Fri, Feb 09, 2018 - Page 8 News List

Chinese infiltration not unnoticed

By Parris Chang 張旭成

The National Security Strategy report released on Dec. 18 last year by US President Donald Trump’s administration contains a section that few people have noticed or discussed, in which it says that the US must make efforts to counter China’s infiltration operations in the US.

The US National Security Council is alarmed by China’s use of financial, political and other means to manipulate and control US academia, think tanks, media and Hollywood producers, and it has established a working group to investigate and plan how to counter Beijing’s attempts.

There are 350,000 Chinese studying at US universities, accounting for one-third of all international students in the nation. The Chinese government encourages them to join Chinese student organizations at their universities, which are used by behind-the-scenes Chinese Communist Party (CCP) organizations to direct and control them.
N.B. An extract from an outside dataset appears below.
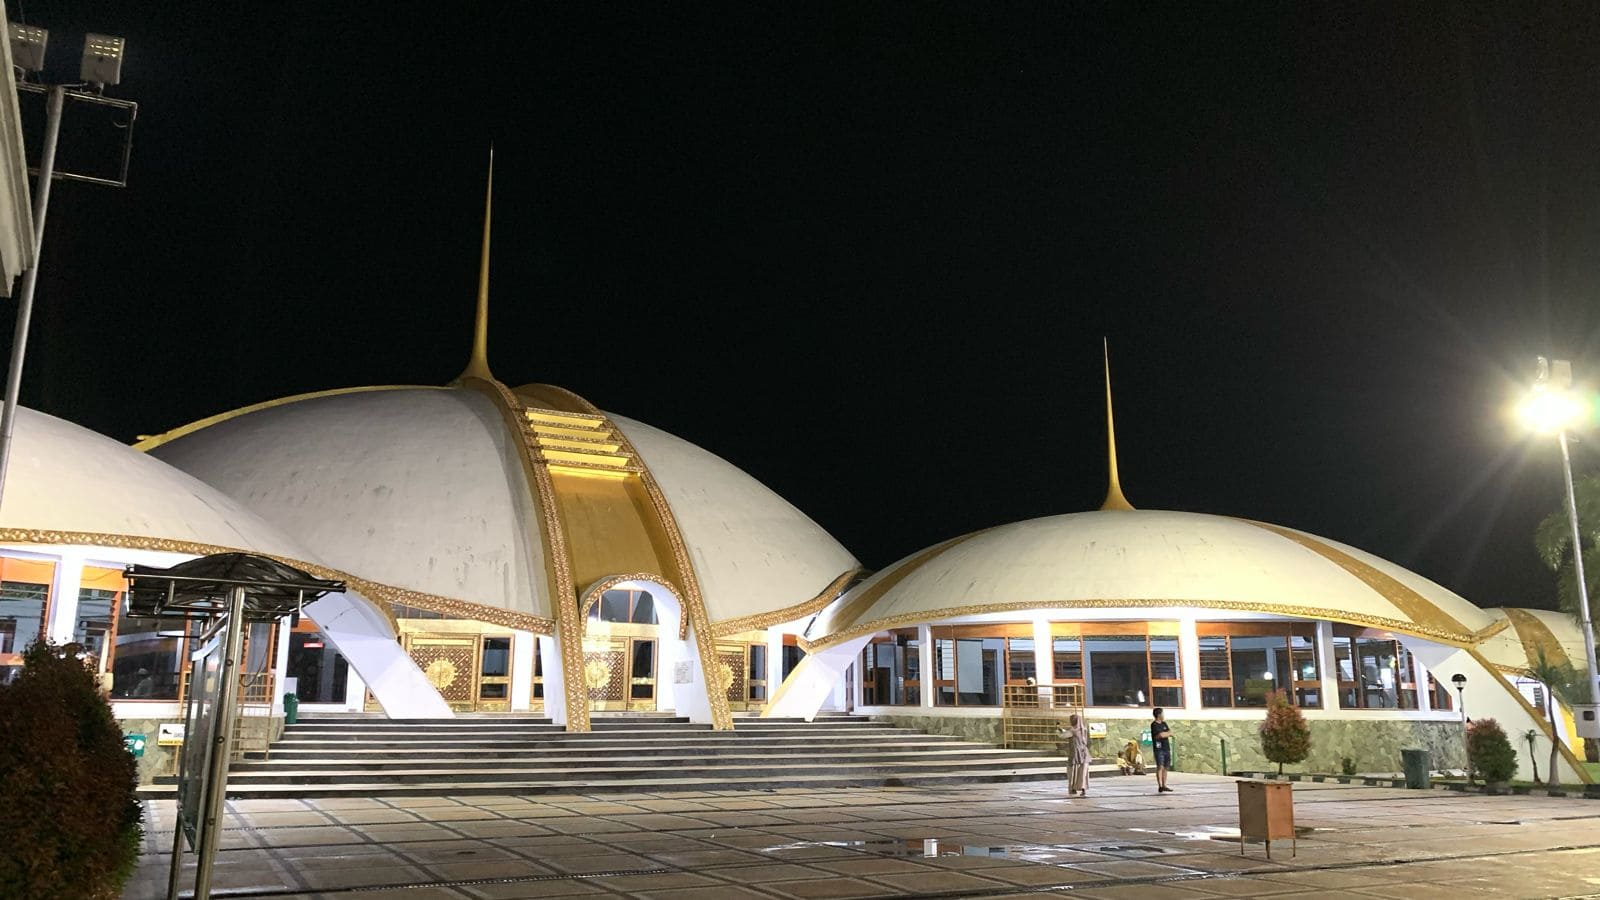 Wisata religi di Jember Masjid Jami’ Al Baitul Amien.

The Office of Chinese Language Council International, known as Hanban, which is subordinate to the Chinese Ministry of Education, has worked with US universities, high schools and some towns and cities to set up several hundred Confucius Institutes in the US.
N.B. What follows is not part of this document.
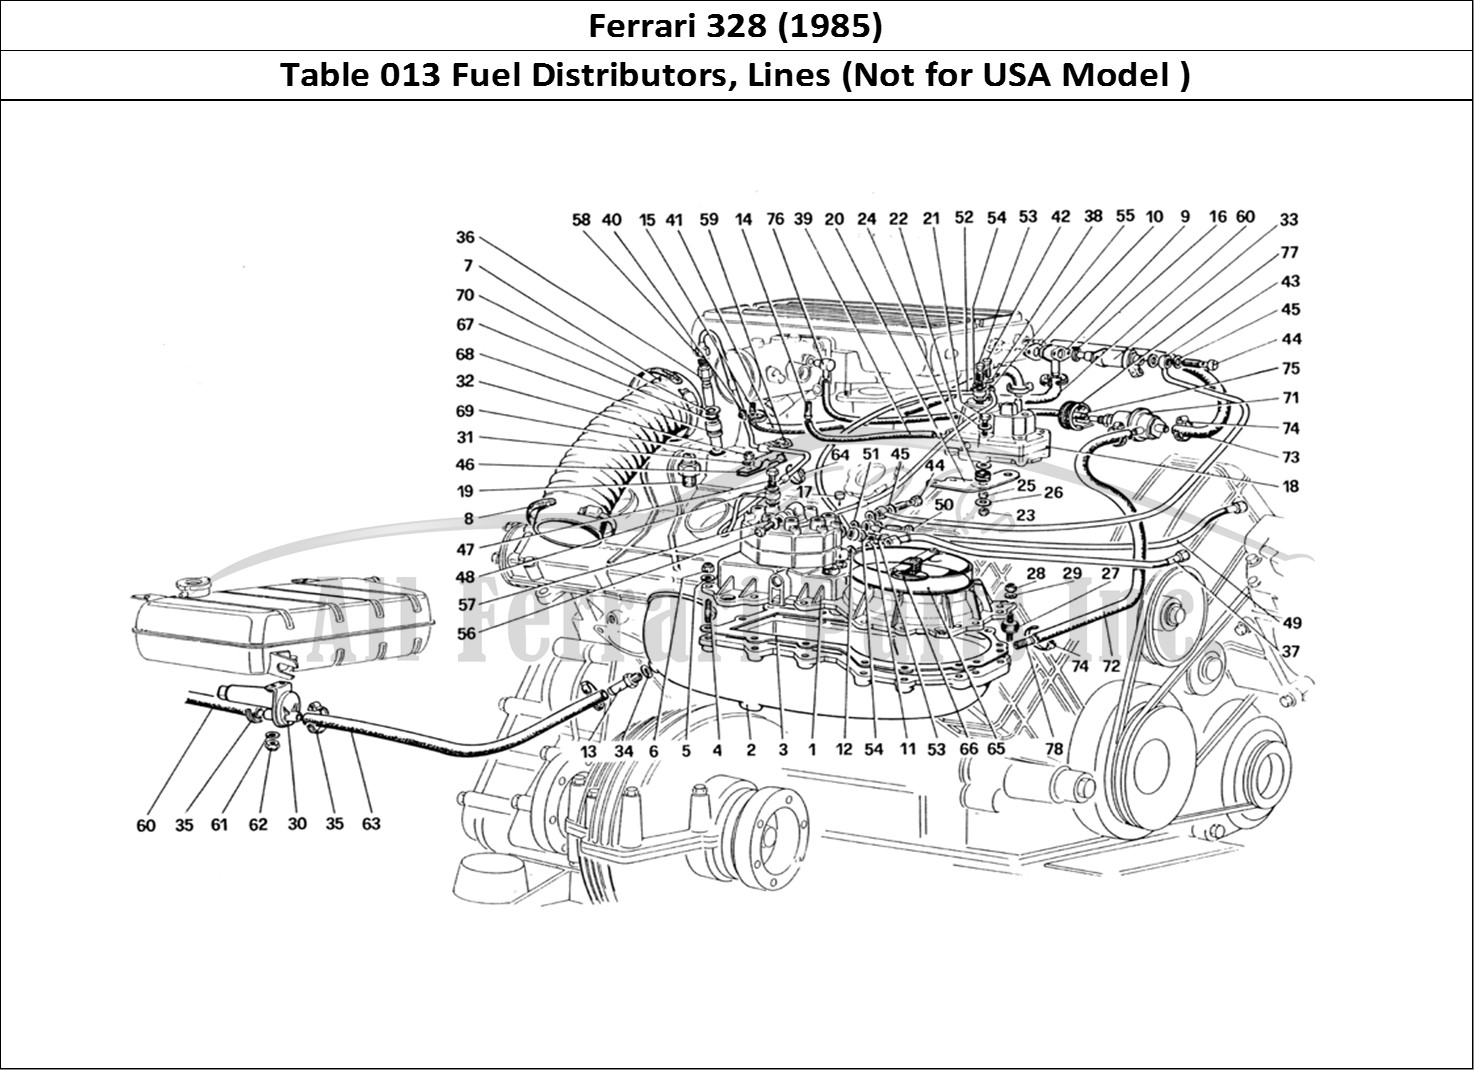 Ferrari Parts Ferrari 328 (1985) Page 013 Fuel Distributors Lines (

The purported aim of these institutes is to teach Chinese language and spread Chinese culture, but their real mission is to brainwash US students and promote the CCP’s political goals.

Some educational institutions, including the University of Chicago and Pennsylvania State University, have closed their Confucius Institutes on the grounds that they were operating under false pretenses and obstructing academic freedom.
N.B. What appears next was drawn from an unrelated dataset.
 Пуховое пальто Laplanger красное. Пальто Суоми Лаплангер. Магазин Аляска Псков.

Over the years, China has been acquiring US companies, especially those related to advanced technology and defense. This has caused alarm bells to ring in US national security departments.

The Committee on Foreign Investment in the United States (CFIUS), which is responsible for US security implications of foreign investments, closely monitors acquisitions of US companies by Chinese capital and has blocked several attempts by Huawei Technologies Co, which has connections with the People’s Liberation Army, to enter the US market.

Quite a few US think tanks have also been tainted by Chinese money. Under the pretext of funding research into China, government-controlled Chinese think tanks, as well as companies with close ties to the Beijing authorities, provide funding for US think tanks to engage in cooperative research.

US National Security Council officials say the findings of such projects are likely to be biased.

Beijing also uses financial means to interfere on a large scale in Australian politics. For example, Australian Senator Sam Dastyari, of the opposition Labor Party, has been accused of accepting political donations from a Chinese businessman and of advocating and implementing China’s foreign policies.

Faced with a tide of criticism, Australian Labor Party leader Bill Shorten criticized Dastyari.

Shorten said that “his judgement has let him down,” and forced Dastyari to resign from his post of deputy opposition whip and from his membership of Senate committees.

China also uses so-called “soft power” to interfere in Australian academia. It sends students to study in Australian universities and sets up CCP organizations within Chinese student associations to control them.

This Chinese cultural “invasion” is seen as a fuse that could spark clashes between communities in Australia.